• EXERCISE INSTRUCTIONS: Any pictures in the records below must be left out when you repeat the lines from the line containing "Barbie x kitsch" through the line containing "Soehnle 9220 manual" exactly.

• DATASET EXTRACT:

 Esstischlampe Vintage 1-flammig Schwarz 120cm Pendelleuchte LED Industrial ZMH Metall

---

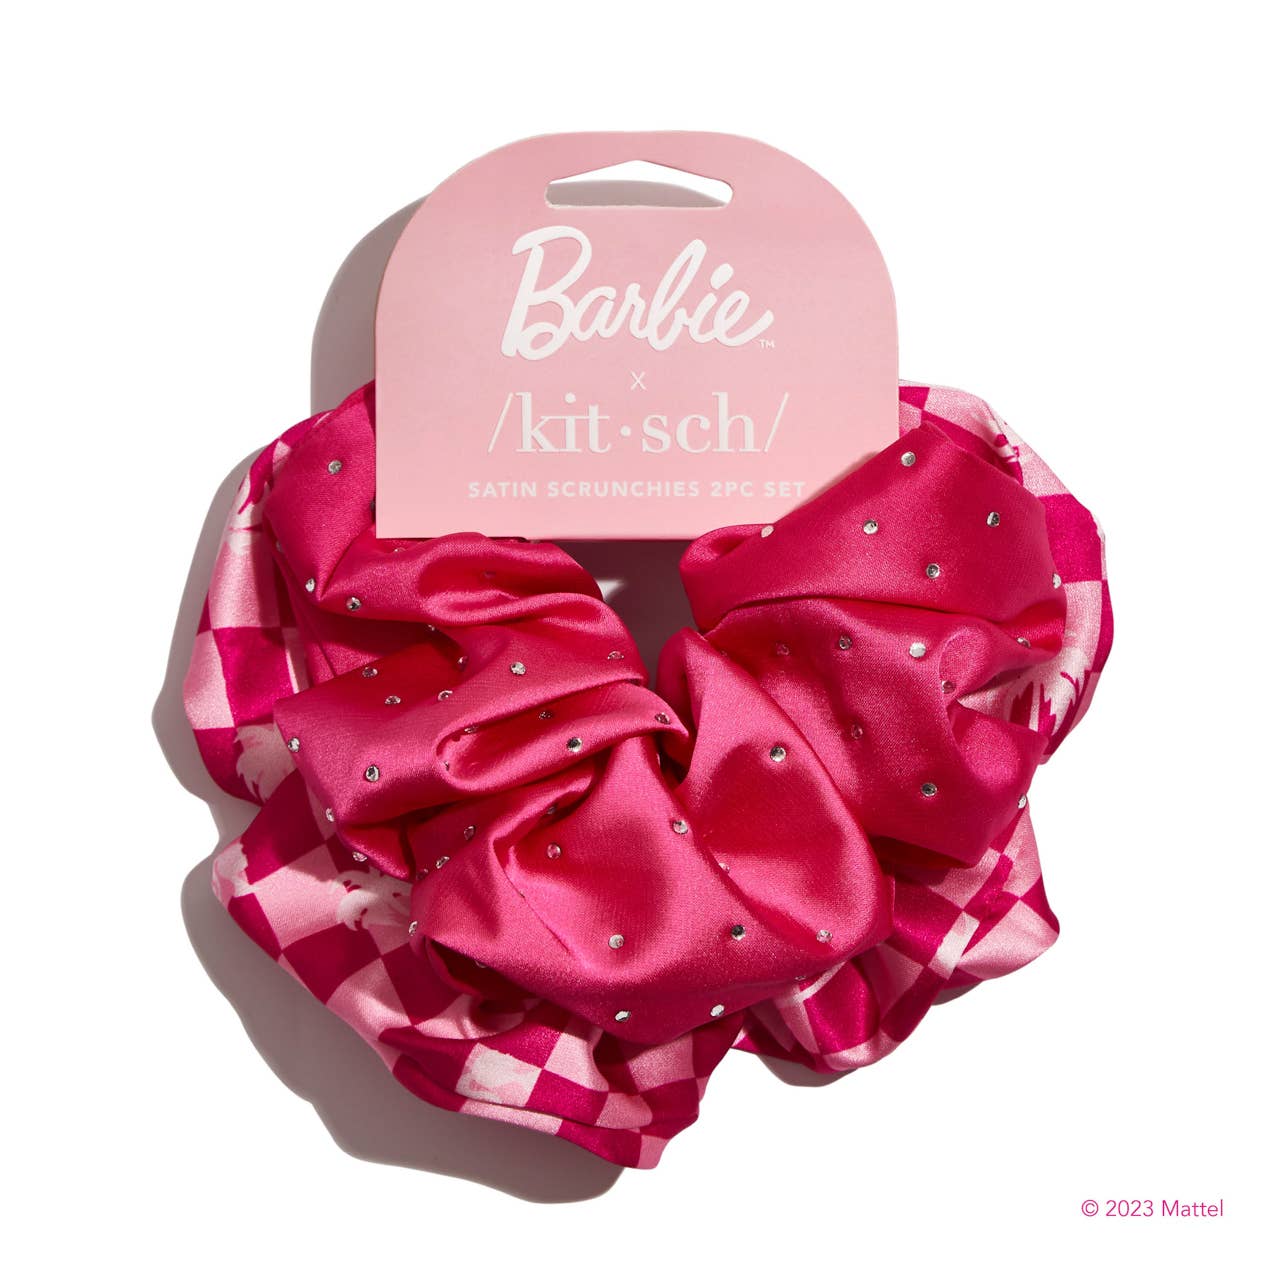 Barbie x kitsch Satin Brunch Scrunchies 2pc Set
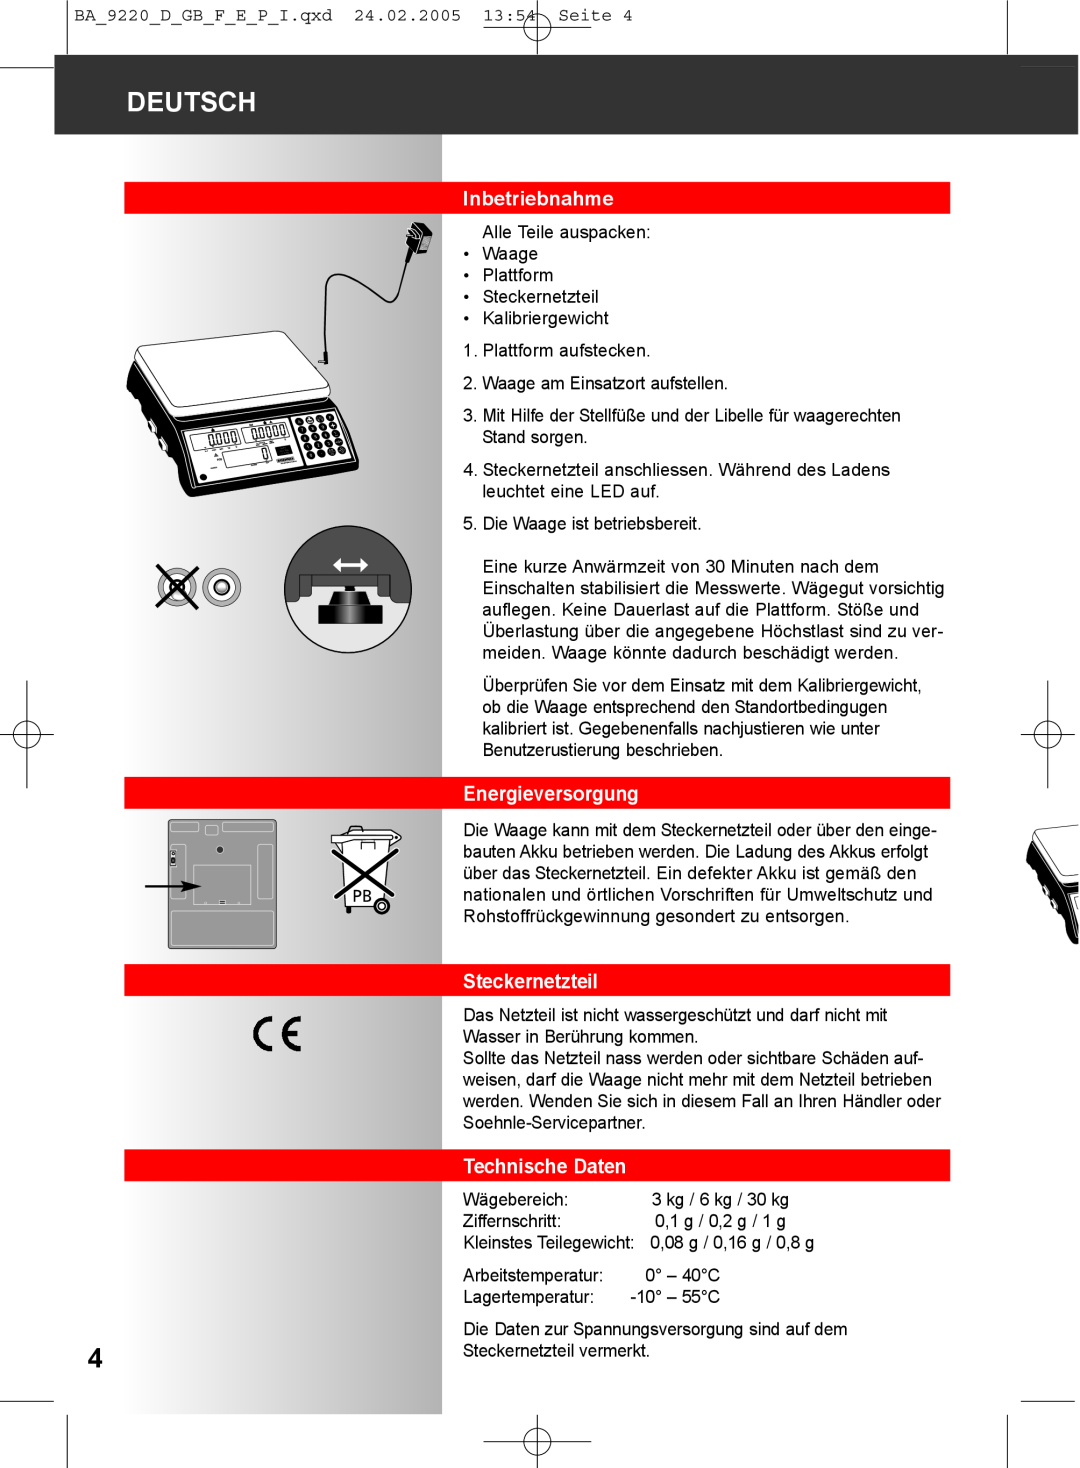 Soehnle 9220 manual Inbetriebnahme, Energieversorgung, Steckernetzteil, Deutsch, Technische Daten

---

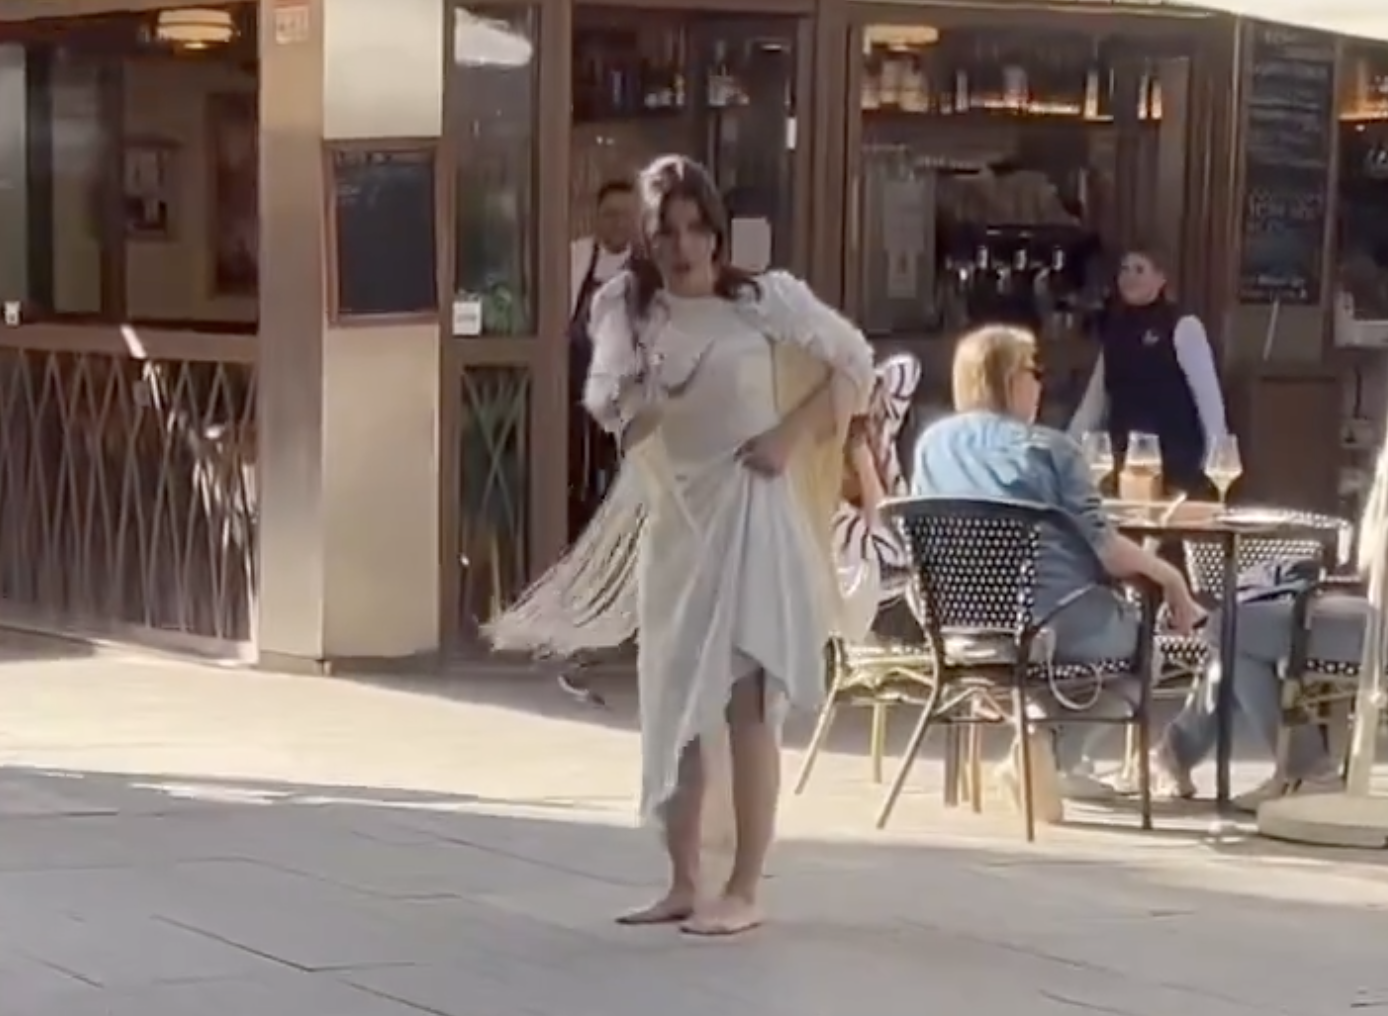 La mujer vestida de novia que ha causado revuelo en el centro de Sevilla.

• REPLY TO THE TASK:
 Barbie x kitsch Satin Brunch Scrunchies 2pc Set
 Soehnle 9220 manual Inbetriebnahme, Energieversorgung, Steckernetzteil, Deutsch, Technische Daten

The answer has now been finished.